This guide explains how to migrate your existing Datasources from the Nexus environment to Indexing in the Next environment. The new indexing system provides better performance, more flexibility, and standardized tools across all supported platforms.

What Changed: Datasources → Indexing

Before (Nexus - Datasources):

  • Datasources were standalone entities that created datasets
  • Limited to specific data types and configurations
  • Separate entity management outside of toolkits
  • Fixed chunking and processing options

Now (Next - Indexing):

  • Indexing is integrated directly into Toolkits
  • Standardized tools available across all supported platforms
  • Flexible collection management and naming
  • Advanced search capabilities with stepback search
  • Better chunking and metadata handling

Deduplication Deprecated

The Deduplication feature available in Datasources is deprecated and not available in the new Indexing system. Focus on using the improved search and filtering capabilities of the new indexing tools instead.


Migration Process Overview

Step 1: Identify Your Current Datasources

In the Nexus environment, review your existing datasources to understand:

  • What type of data each datasource indexes (Jira, Confluence, Files, etc.)
  • The scope and filters used in each datasource
  • Which agents or pipelines use these datasources

Step 2: Set Up Prerequisites in Next Environment

Before migrating, ensure you have:

  1. Credentials: Migrate or recreate your credentials in the Next environment
  2. Vector Storage: Configure PgVector in Settings → AI Configuration
  3. Embedding Model: Select an embedding model in AI Configuration

Step 3: Create Corresponding Toolkits

Create the appropriate toolkits in the Next environment based on your datasource types:

Step 4: Index Your Data

Use the Index Data tool in each toolkit to recreate your indexed content with improved capabilities.
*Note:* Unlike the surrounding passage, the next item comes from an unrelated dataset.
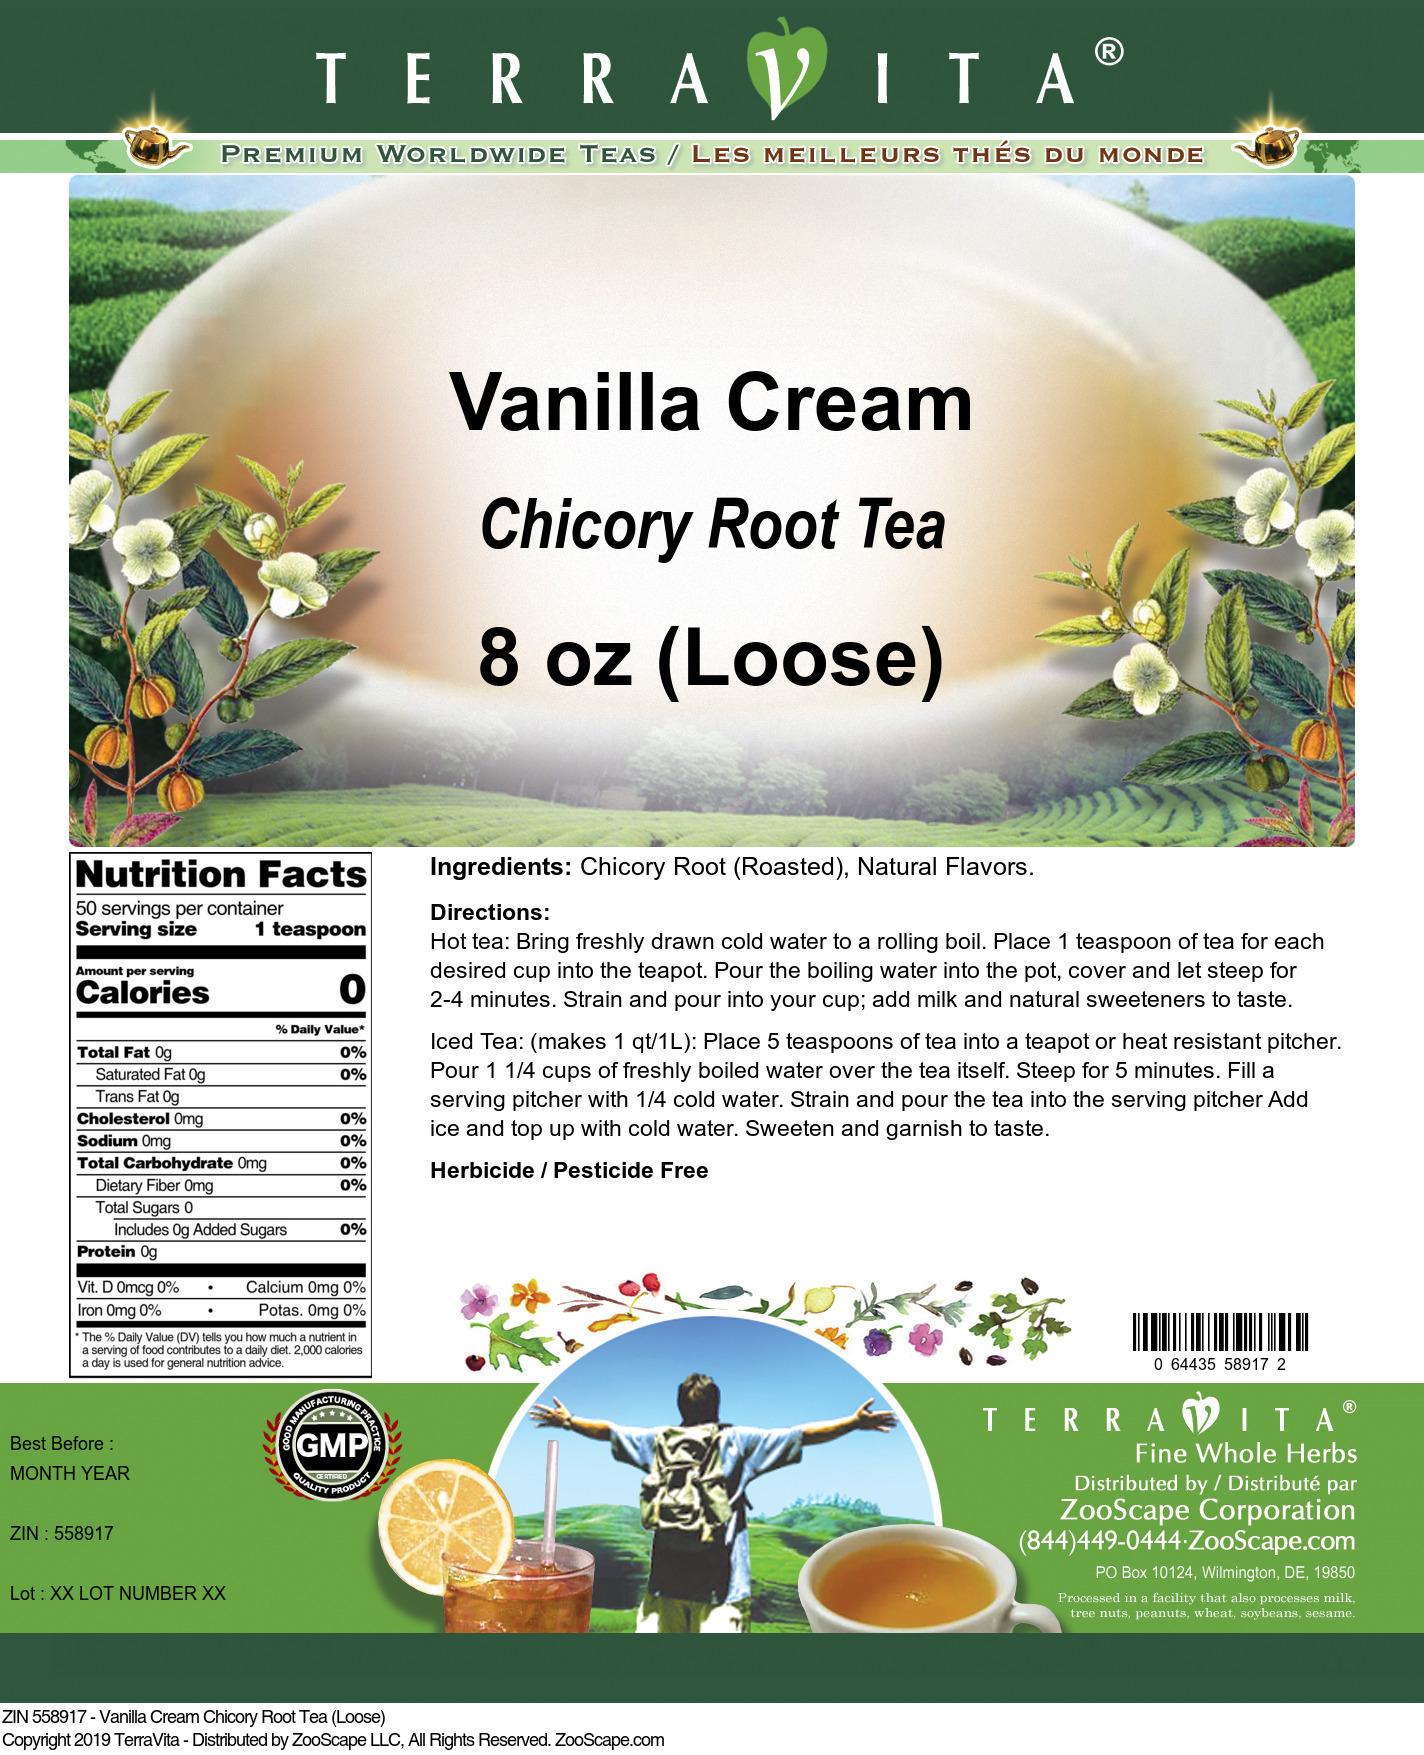 Vanilla Cream Chicory Root
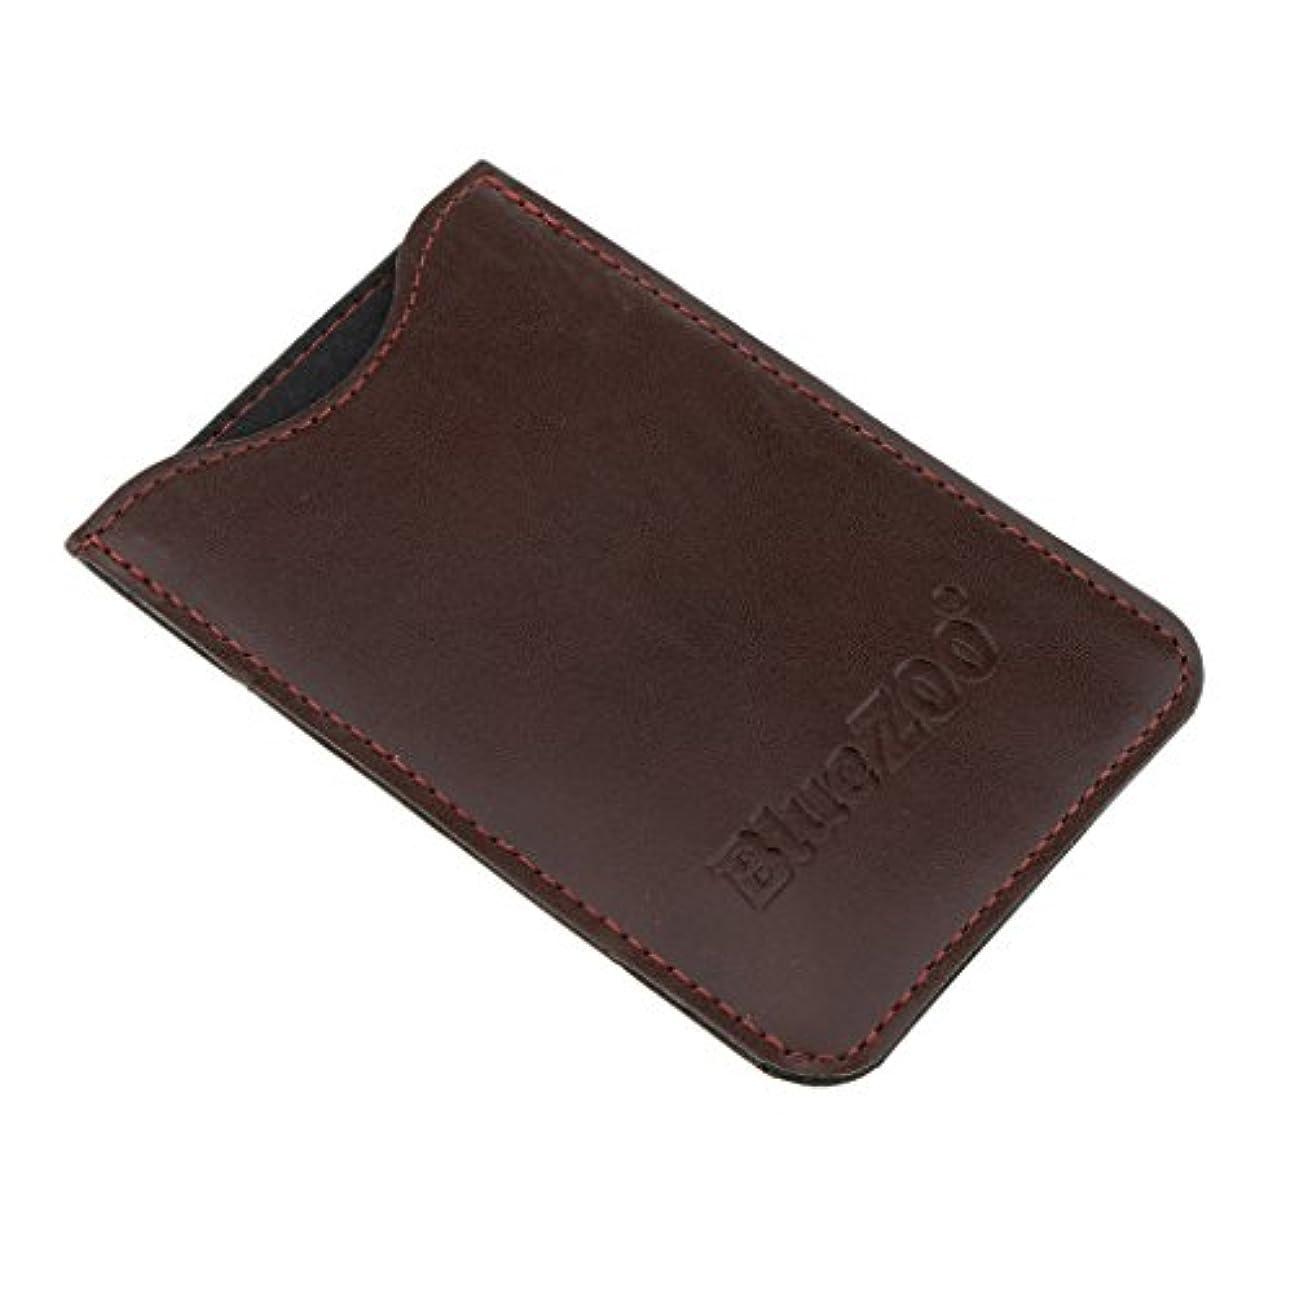 細心の指定する有名収納パック 収納ケース 保護カバー 櫛/名刺/IDカード/銀行カード 多機能 高品質 全2色 - 褐色

Migration Examples by Datasource Type

File/Table Datasources → Artifacts or SharePoint Indexing

What you had in Nexus:

  • File datasources that indexed documents, spreadsheets, or text files
  • Table datasources for structured data or spreadsheets
  • Basic file content extraction and tabular data indexing

What to do in Next:

Option A: Use SharePoint Indexing

  1. Upload files to SharePoint (if not already there):
    • Upload your files (documents, Excel, CSV, etc.) to your SharePoint site/library
    • Ensure files are accessible with your SharePoint credentials
  2. Create SharePoint Credential:
    • Create credential in Credentials+ CreateSharePoint
  3. Create SharePoint Toolkit with your SharePoint credentials
  4. Index SharePoint files containing your data:
    • Select Index Data tool and specify indexing parameters (e.g., collection suffix, file type filters, etc.)
  5. Advanced Search Capabilities:
    • Use Stepback Search Index for complex document queries
    • Search across multiple SharePoint libraries with semantic understanding

Option B: Use Artifacts Indexing (for local files)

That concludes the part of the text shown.